I can tell you that this is pretty discouraging. Public employees are retiring in their early 50s with spiked pensions of $100k or more, COLA’ed for life, and health benefits. To replicate that as a private employee, I would have to have on the order of $4 million given the current low-yielding investment environment. Good luck saving that much in a 401k with a $22k/year limit (and remember most of my career the limit was a lot lower). So, to have any hope of such a retirement, which isn’t exactly lavish, a private employee needs $millions in taxable savings, and therefore is exposed to the odious new medicare surtax. If he/she is conservative (and, given the performance of the stock market for the past 10 years, who can blame him/her?), a lot of this will be in bonds where he/she is being hammered by the tax system at every turn. The tax system doesn’t care if your interest “income” is really just inflation, it doesn’t care if some of your capital gains (assuming you have any) are just inflation, it treats this income the same as if it were “real” income (which all work-derived income is). The 3.8% surtax is, as I said, just one more shot in America’s war on savers.

Combined state and local sales taxes in California are approach 10% in many localities.

9.3% of our incomes, 9% of every purchase, 1% or more of real estate assessed value, high corporate taxes and fees, billions in Federal stimulus money quietly transferred to bail them out. (Note that the state government helps itself to some of the local tax revenues. Their income is not limited to statewide taxes – it is considered fungible at the discretion of the state.)

And still the state is going broke.

They don’t have a revenue problem, they have a spending problem.

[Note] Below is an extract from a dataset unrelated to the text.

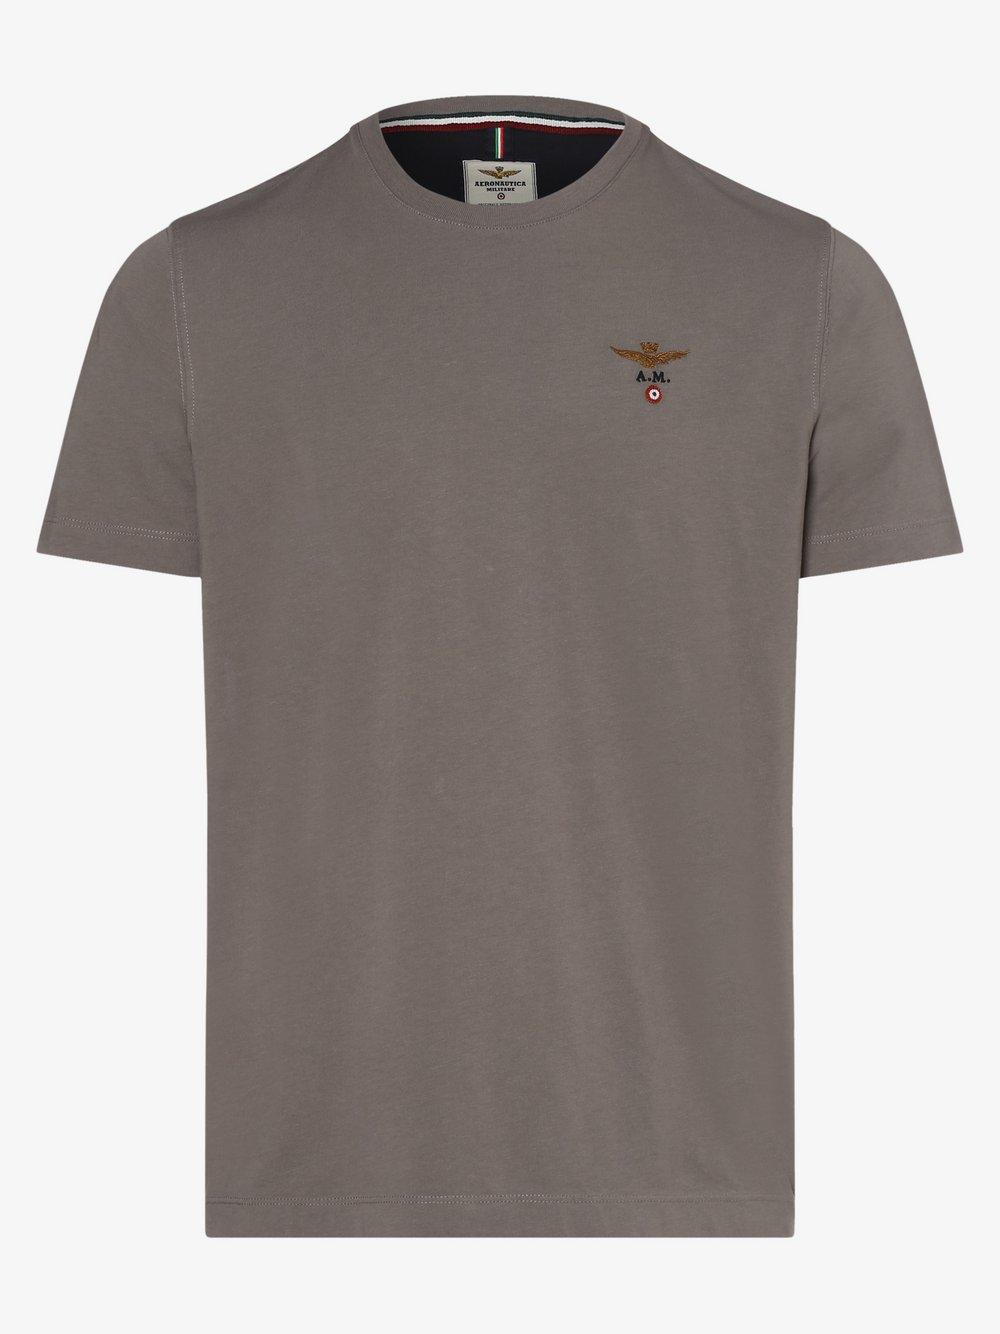 Aeronautica – T-shirt męski, szary Van Graaf 468435-0003

The money that could have fixed a pothole in Larry’s town went instead to build a bigger fatter ass on some unionized government employee or to some retired government official drawing a $200,000 annual “pension.”

@Hard (#58):

Umm no Larry. They showed how tax cuts increased revenue and DID NOT hurt revenue. You use projected revenue from tax increases (wildly inaccurate) to claim that tax cuts reduced revenue (deliberately dishonest). Not that you are capable of grasping the facts, but go back to the threads if you want proof (for the umpteenth time). You seem to forget I was involved in those debates. I asked you for proof on certain claims you made. You could not or would not produce it. I demonstrated how the debt to GDP arguement was bogus and that economists are hardly the gurus you pretend they are. Yet, here we are all over again.
All you do is spew the same disproven leftist mantra. Tax cuts bad, tax increases good. You deliberately ignore the insane spending so you can justify your support of an all powerful government.
I’m not surprised you refuse to face reality since your entire political belief system is based on ego. That is quite typical of the left.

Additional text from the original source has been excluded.